Conclusion Better understanding of L1 syndrome caused by mutations in L1CAM gene was achieved using Comprehensive bioinformatics analysis. These findings describe 35 novel L1 mutations which improve our understanding on genotype-phenotype correlation. And can be used as diagnostic markers for L1 syndrome and besides in cancer diagnosis specifically in breast cancer.
1. Introduction
L1 syndrome (also known as CRASH syndrome) is a group of a very rare inherited disorders that primarily affect the nervous system and is characterized by Hydrocephalus with Stenosis of the Aqueduct of Sylvius (HSAS), intellectual disability, corpus callosum hypoplasia (or agenesis), adducted thumbs and spastic paraplegia (1-4). It is a recessive X-linked disorder that is exclusively affects men with incidence of 1/30.000 male births (5), and it is caused by mutations in the L1CAM gene (6-19) located near the telomere of the long arm of X chromosome in Xq28 in humans (20-22). Over 200 mutations in L1CAM gene have been reported (3, 17), this gene encodes for the L1 Cell Adhesion Molecule protein, which is a member of the immunoglobulin superfamily. As the name implies; the protein enables the adhesion of neural cells to one another and it is a key regulator of synapse formation, synaptic plasticity and axons and dendrites growth and formation (23-26). It was found that L1CAM gene is a major driver for tumor cell invasion and motility (27) therefore fully understanding its function will aid in the diagnosis and treatment of different types of cancers (27-50).
The underline pathogenetic mechanisms by which L1 syndrome happens remains unsolved (6, 25, 51), and the treatment requires shunting of the cerebrospinal fluid as needed (52). We hope for a better understanding of the condition and we believe thorough investigation of the L1CAM gene might help in that.

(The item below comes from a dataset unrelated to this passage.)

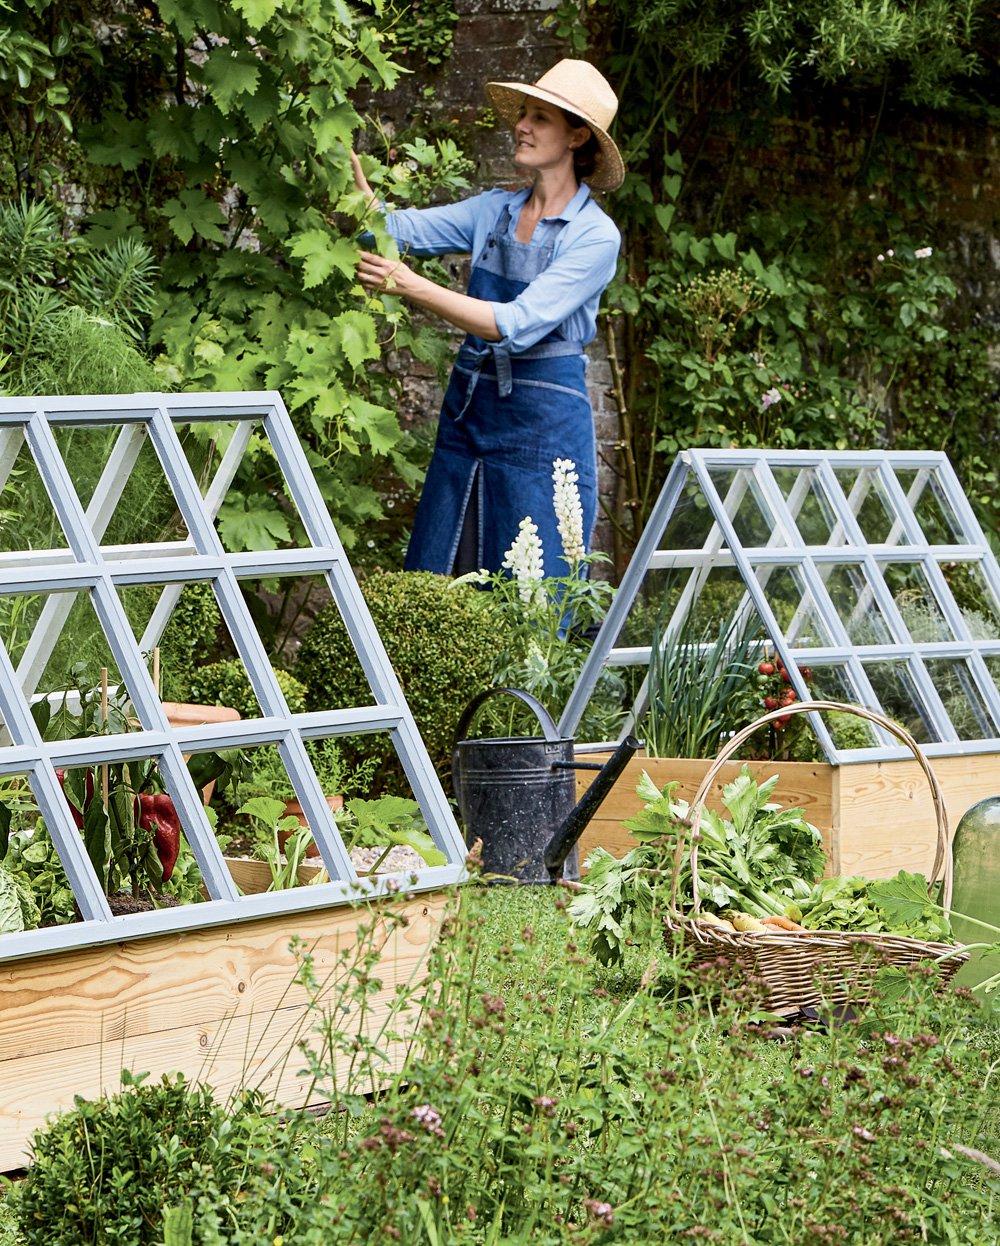 Créer Des Serres Pour Faire Pousser Les Tomates Dans Son ... tout Serre De Jardin Leroy Merlin

The aim of this study is to identify pathogenic mutations in the coding region of L1CAM gene using variant bioinformatics tools, which might then be used as diagnostic markers and may help in the development of new therapeutic strategies using gene therapy and pharmacogenomics. This is the first in silico analysis in the coding region of L1CAM gene that prioritized the functional analysis of nsSNPs. The use of variant bioinformatics tools was extremely beneficial due to the elimination of the cost and conformation of the results by the different-parameters-based softwares and It will facilitate the future genetic studies (53).
2. Materials and Methods
2.1 Data mining
The data on human L1CAM gene was collected from National Center for Biological Information (NCBI) web site (54). (https://www.ncbi.nlm.nih.gov/) and the protein sequence was collected from Uniprot (55) (https://www.uniprot.org/).
2.2 SIFT
We used SIFT to observe the effect of A.A. substitution on protein function. SIFT predicts damaging SNPs on the basis of the degree of conserved amino acid residues in aligned sequences to the closely related sequences, gathered through PSI-BLAST (56, 57). It’s available at (http://sift.jcvi.org/).
2.3 PolyPhen
We used PolyPhen (version 2) to study the probable impacts of A.A. substitution on structural and functional properties of the protein by considering physical and comparative approaches (58, 59). It is available at (http://genetics.bwh.harvard.edu/pph2/).
2.4 PROVEAN
PROVEAN is a software tool which predicts whether an amino acid substitution or indel has an impact on the biological function of a protein. It is useful for filtering sequence variants to identify nonsynonymous or indel variants that are predicted to be functionally important (60, 61). It is available at (https://rostlab.org/services/snap2web).
2.5 SNAP2
SNAP2 is a trained classifier that is based on a machine learning device called “neural network”. It distinguishes between disease-associated and neutral variants/non-synonymous SNPs by taking a variety of sequence and variant features into account. It is available at (https://rostlab.org/services/snap2web/).
2.6 SNPs&GO
SNPs&GO is an accurate method that, starting from a protein sequence, can predict whether a variation is disease related or not by exploiting the corresponding protein functional annotation. (62, 63). It is available at (http://snps.biofold.org/snps-and-go/snps-and-go.html).
2.7 PHD-SNP
An online Support Vector Machine (SVM) based classifier, is optimized to predict if a given single point protein mutation can be classified as disease-related or as a neutral polymorphism. It is available at: (http://snps.biofold.org/phd-snp/phdsnp.html).
2.8 I-Mutant 3.0
I-Mutant 3.0 Is a neural network based tool for the routine analysis of protein stability and alterations by taking into account the single-site mutations. The FASTA sequence of protein retrieved from UniProt is used as an input to predict the mutational effect on protein stability (64). It is available at (http://gpcr2.biocomp.unibo.it/cgi/predictors/I-Mutant3.0/I-Mutant3.0.cgi).
2.9 MUpro
MUpro is a support vector machine-based tool for the prediction of protein stability changes upon nsSNPs. The value of the energy change is predicted, and a confidence score between −1 and 1 for measuring the confidence of the prediction is calculated. A score <0 means the variant decreases the protein stability; conversely, a score >0 means the variant increases the protein stability. It’s available at (http://mupro.proteomics.ics.uci.edu/).
2.10 GeneMANIA
We submitted genes and selected from a list of data sets that they wish to query. GeneMANI approach to know protein function prediction integrate multiple genomics and proteomics data sources to make inferences about the function of unknown proteins (65-67). It is available at (http://www.genemania.org/).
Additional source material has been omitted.